The General Manager of the Bank for International Settlements (BIS) recently spoke about CBDCs, saying that they could be highly beneficial.
The Bank for International Settlements (BIS) published a new document on March 31 offering suggestions on Central Bank Digital Currencies (CBDC). Titled “Central Bank Digital Currencies: Putting a Big Idea into Practice,” it covers various ideas related to the type of asset.
BIS General Manager Agustin Carstens made the remarks during a speech at the Peterson Institute for International Economics (PIIE) in Basel, Switzerland. He begins by noting that banks around the world are deploying resources into CBDC development, citing China and the US.
He also stated that the BIS’ own Innovation Hub is complementing the general interest by working on multiple projects related to CBDCs. On a positive note, he argues that,
“…CBDCs are a technologically advanced representation of central bank money. If well-designed, they could offer a safe, neutral and final means of settlement for the digital economy. “
Among other benefits, he mentioned that CBDCs users are not subject to credit risks and increased efficiency. He stressed that CBDCs are quite different from cryptocurrencies and stablecoins, which have no connection to central banks.
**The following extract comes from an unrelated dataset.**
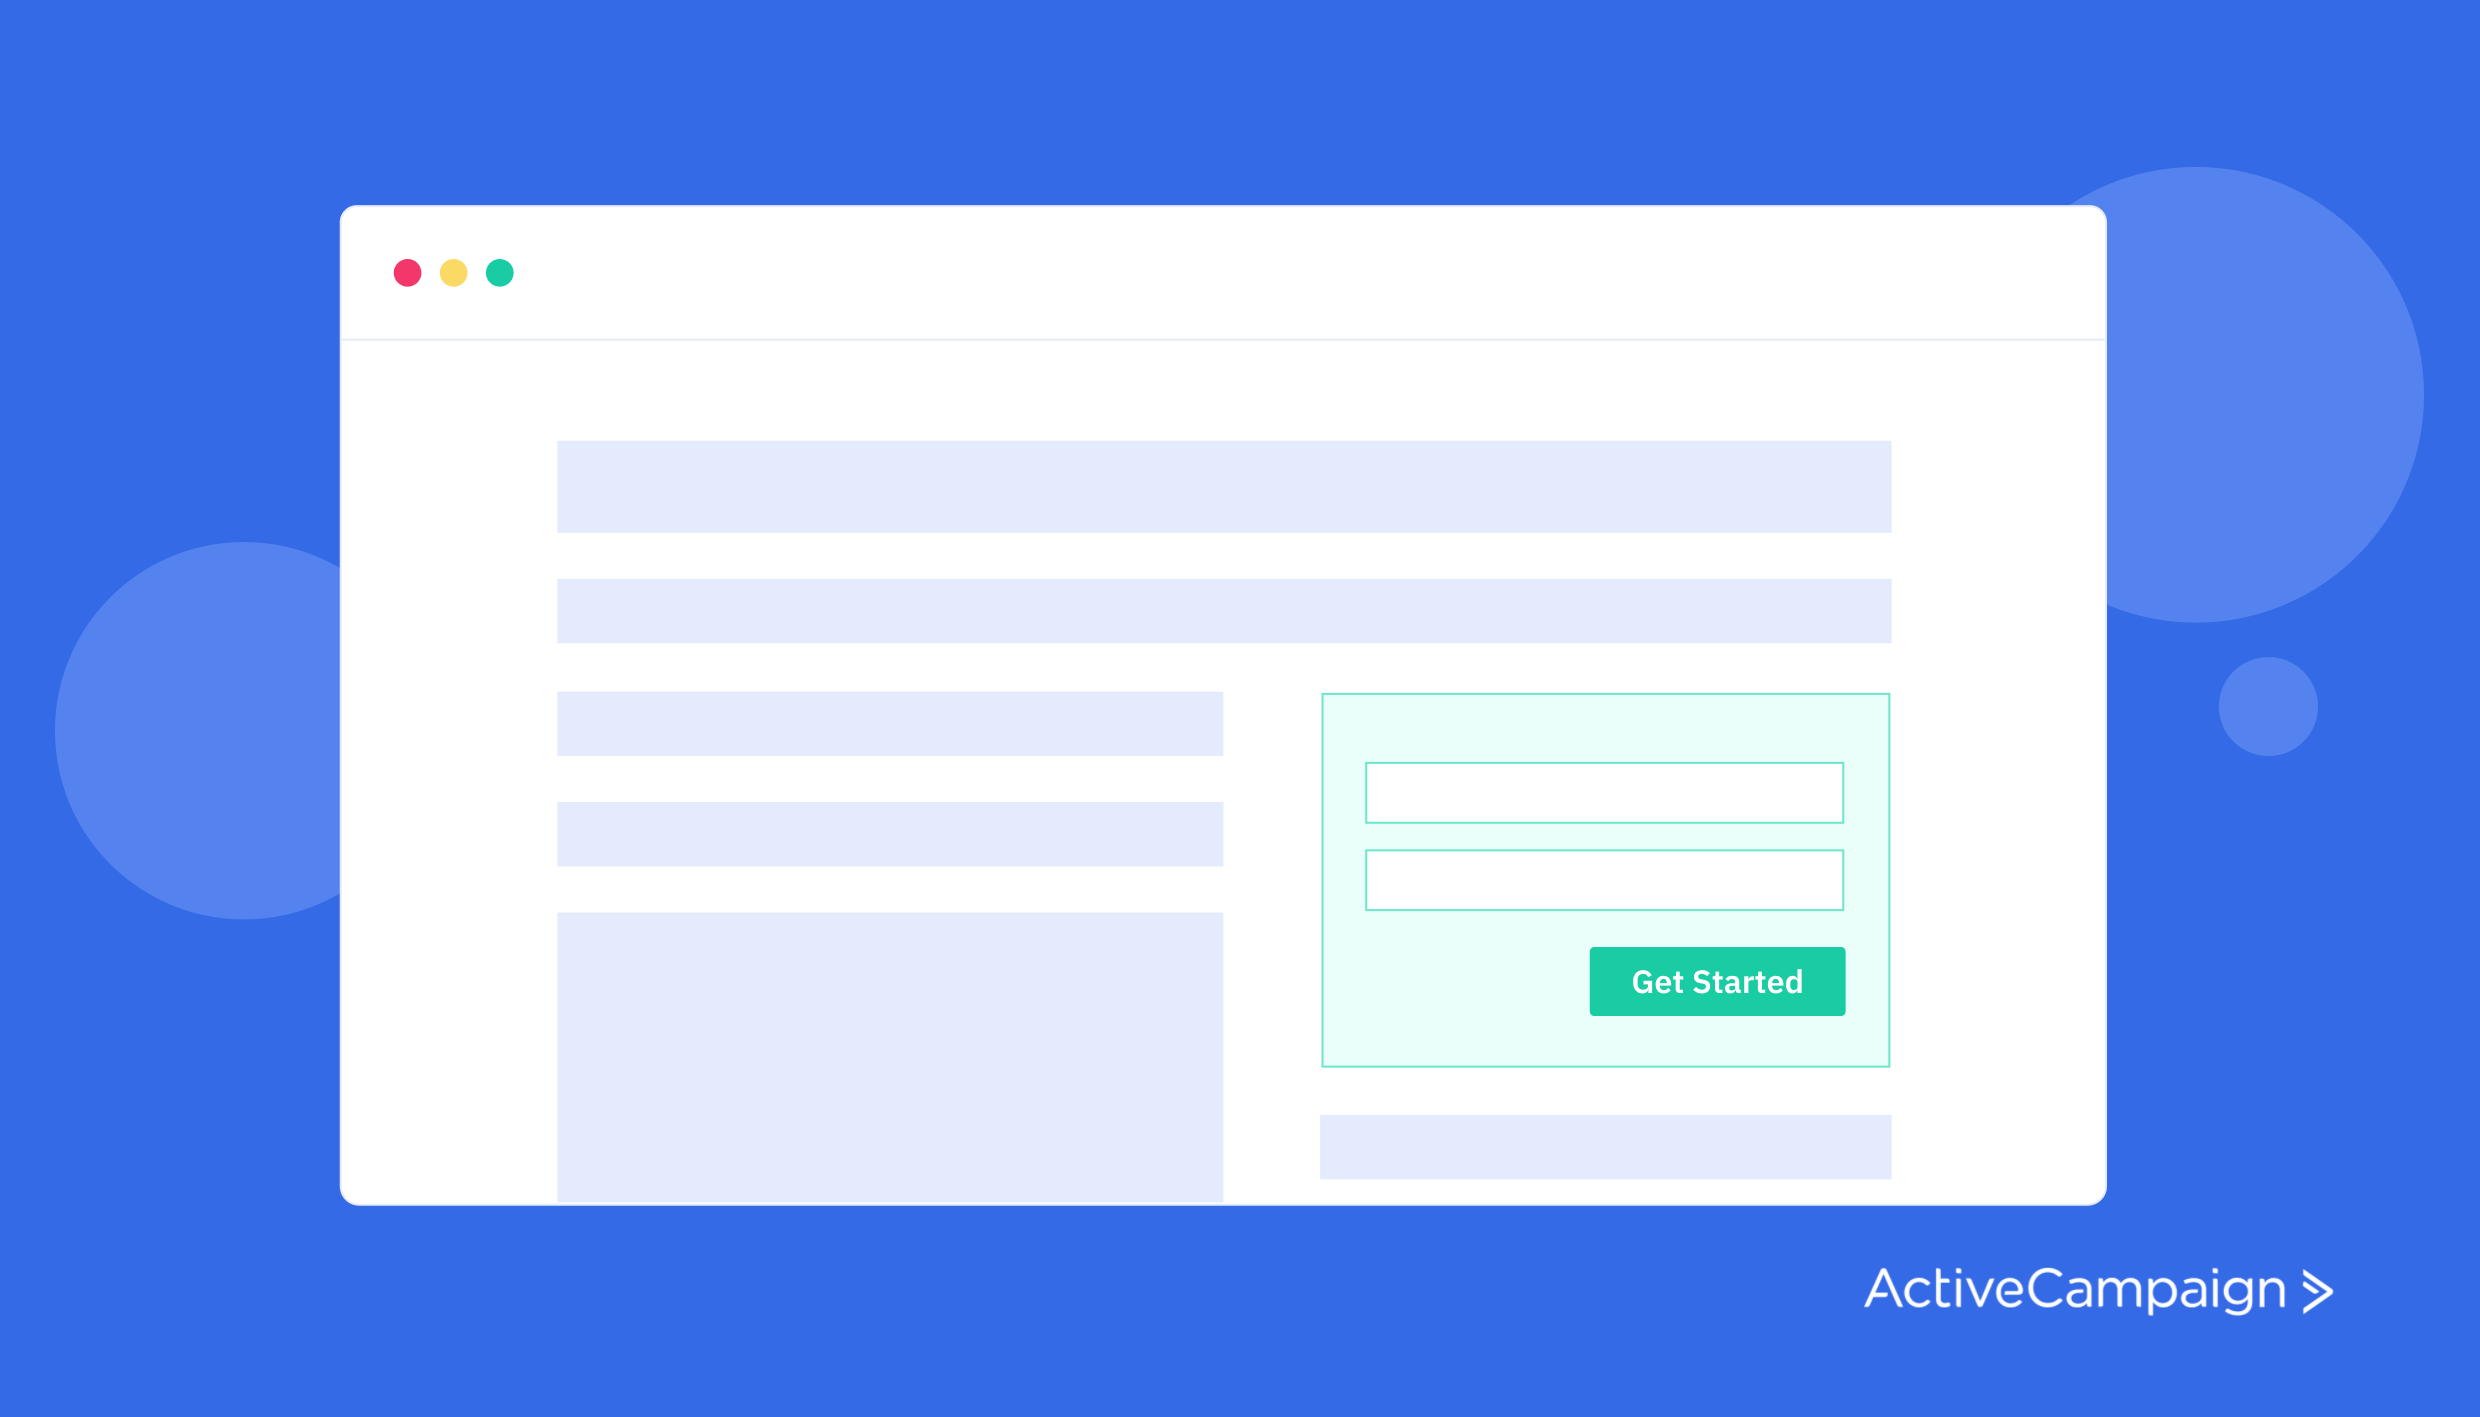 Build a high-quality email list with opt-ins

Asking for caution and rationale in implementation, Carstens believes that international cooperation is necessary in order for CBDCs to reach their full potential. To that end, he says that,
“Globally coordinated CBDC design efforts and mCBDC arrangements will also offer a worthy alternative to privately issued stablecoins or cryptocurrencies which are not coordinated internationally with societal objectives in mind.”
The last point will draw some criticism from crypto-proponents, but it is not a new argument. It is interesting, however, that banks are rapidly changing their tack on the technology and its innovative potential.
The CBDC Era Looks Close
The BIS is an international organization that serves as a “bank for central banks” around the world. It previously made headlines in August 2020 for its research on CBDCs. Back then, it noted that blockchain tech could replace current systems.
The proof appears to be in the pudding as several countries are well into CBDC research and development. This includes China, which is leading the pack, having already run several successful pilot programs.
The Bank of Japan is also preparing to run a few experiments in Spring 2021. In addition to these, Australia, France, and Sweden are also joining the game. Perhaps most significantly of all, the EU is looking into launching a digital euro, though it may take a few years.